Problem to work on:
Write out the entries below exactly, but only from the line containing "St Peter's (35040)" through the line containing "i wish i can", and without the pictures.

Data records:

=====

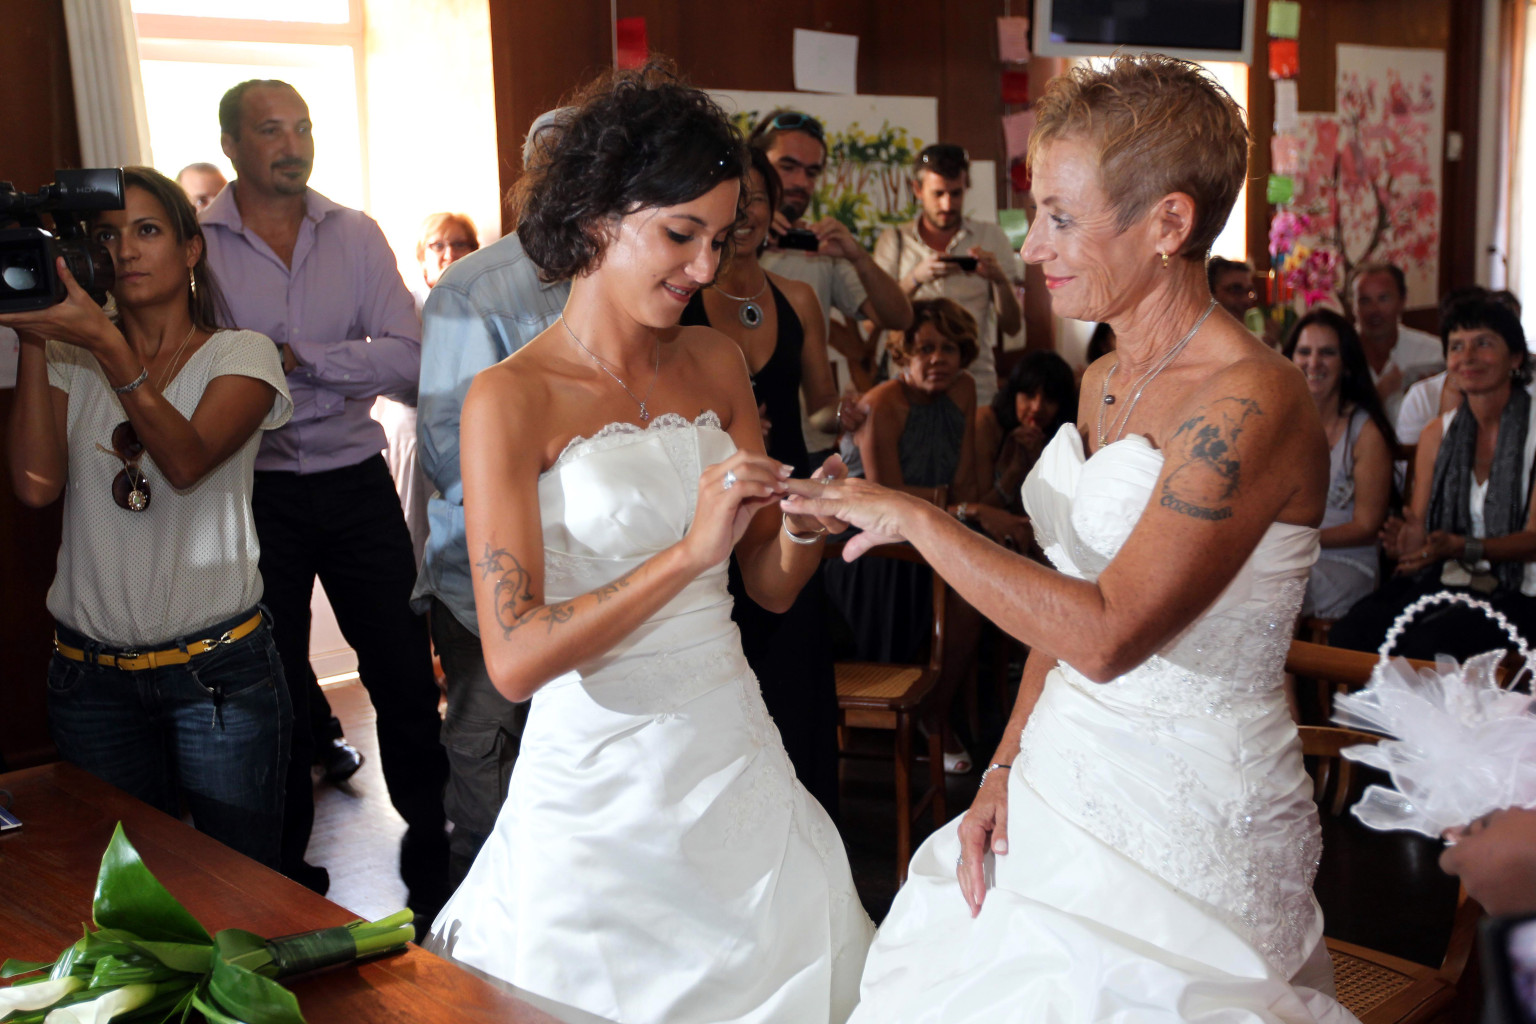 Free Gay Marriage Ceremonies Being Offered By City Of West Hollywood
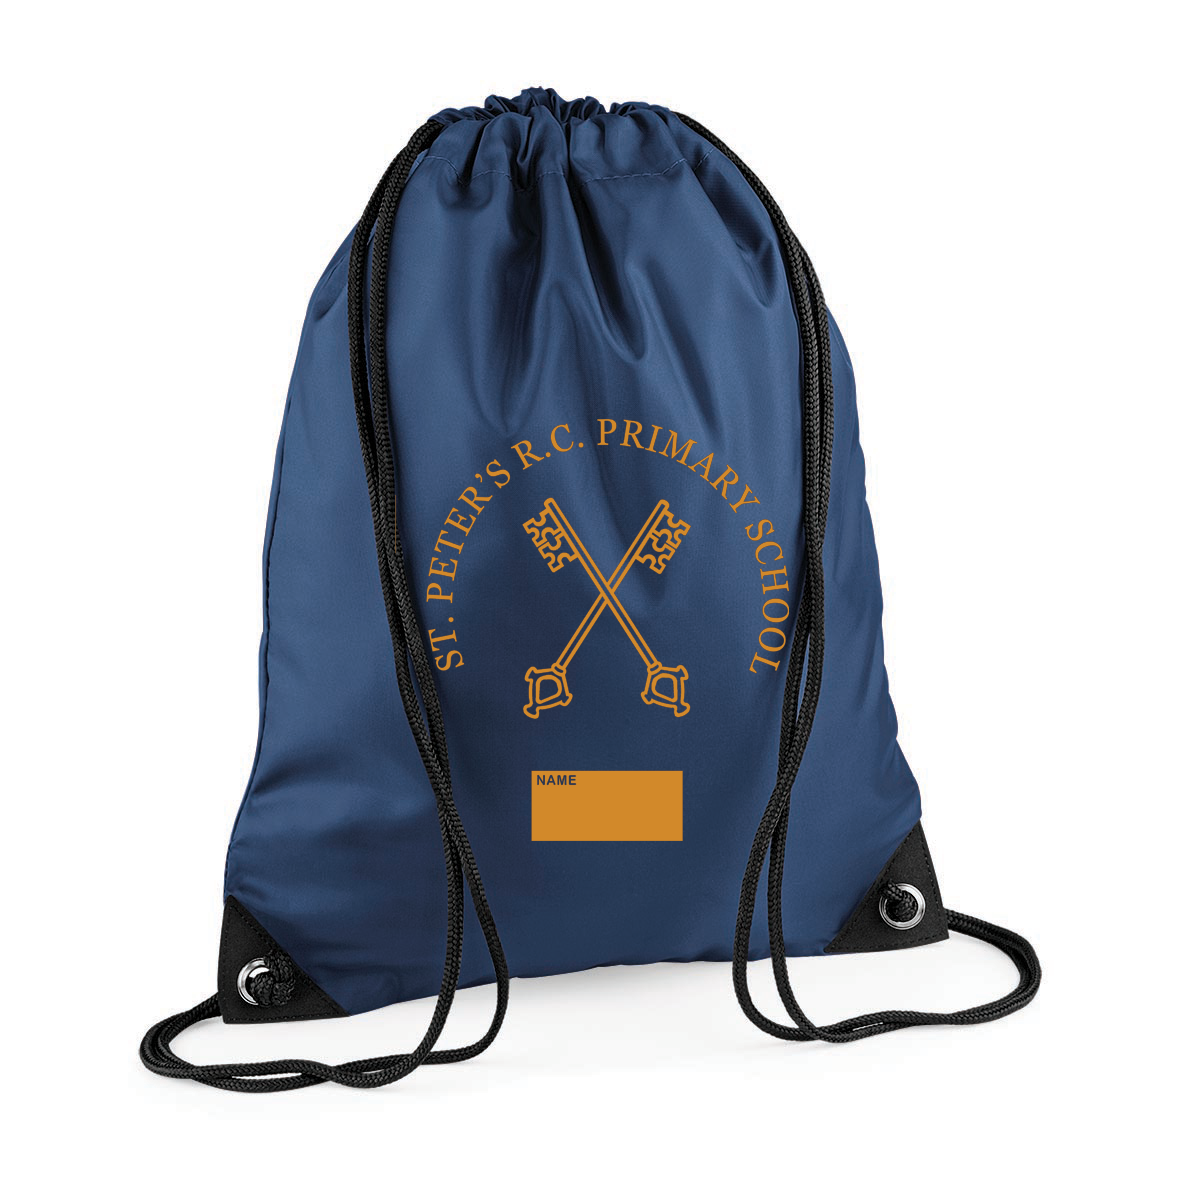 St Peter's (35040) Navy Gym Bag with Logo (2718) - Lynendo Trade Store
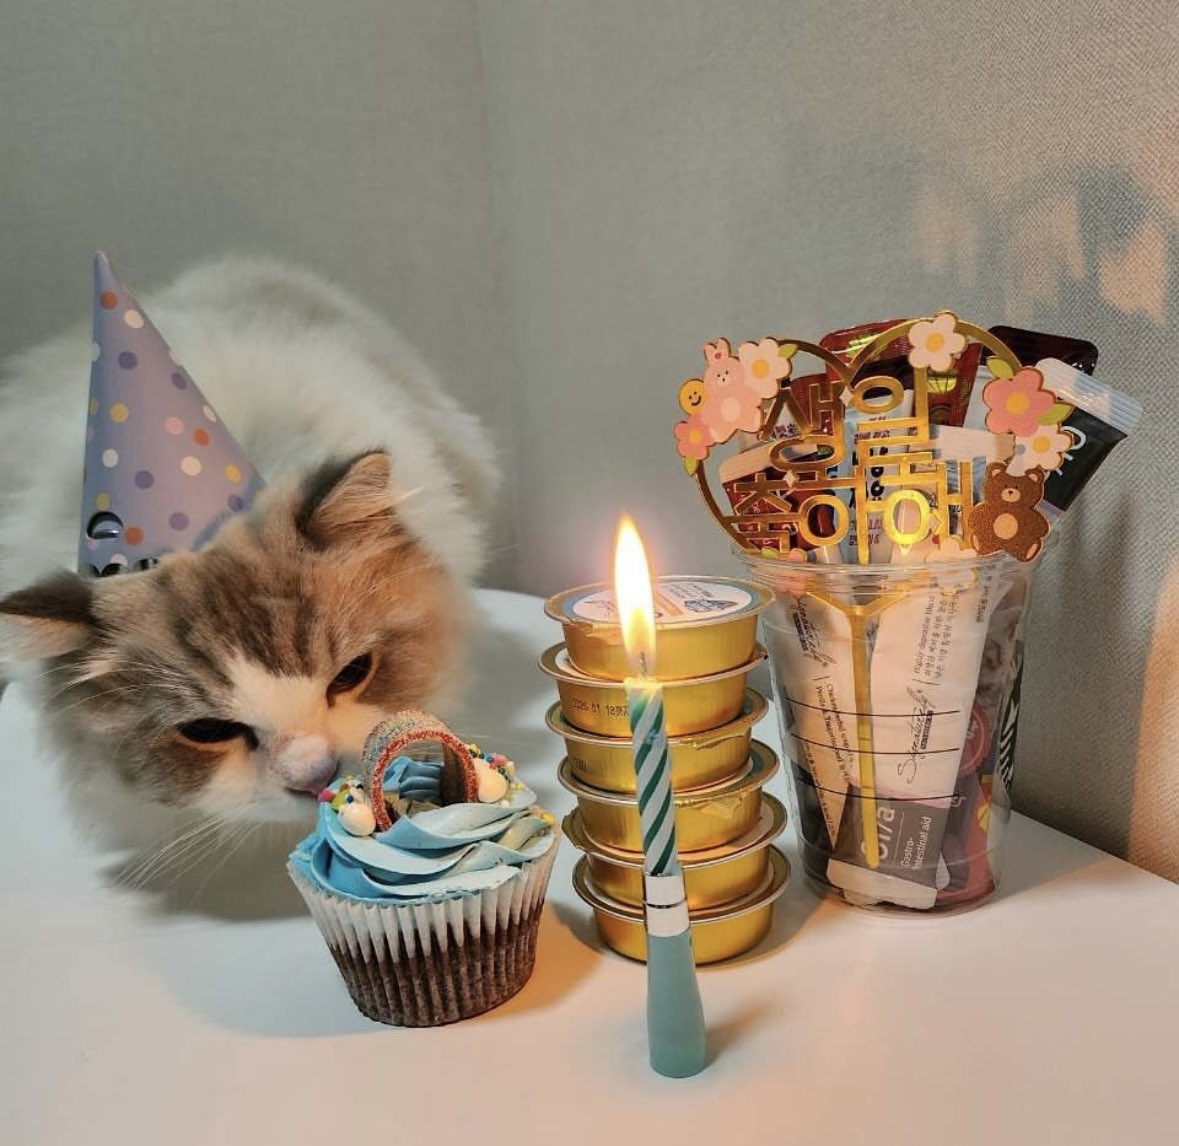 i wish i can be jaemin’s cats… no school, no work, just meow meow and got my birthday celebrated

=====

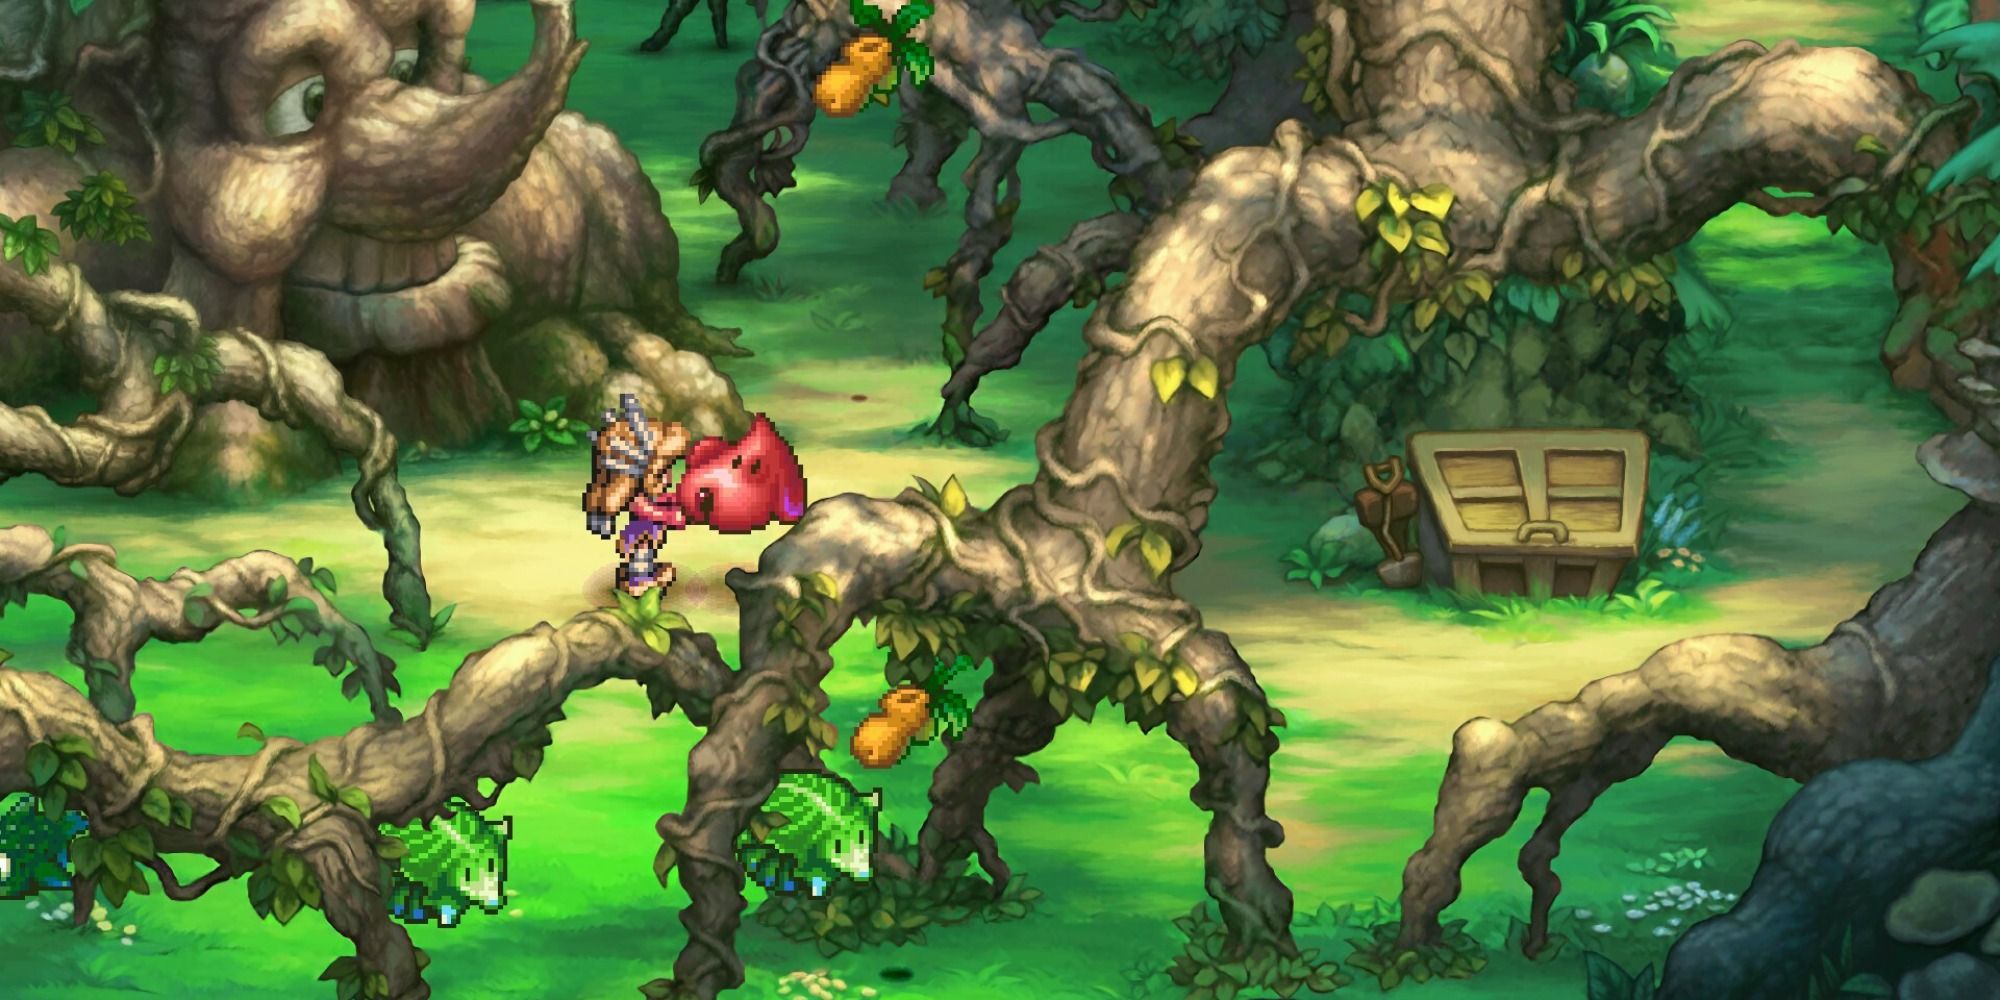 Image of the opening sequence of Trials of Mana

=====

Written reply:
 St Peter's (35040) Navy Gym Bag with Logo (2718) - Lynendo Trade Store
 i wish i can be jaemin’s cats… no school, no work, just meow meow and got my birthday celebrated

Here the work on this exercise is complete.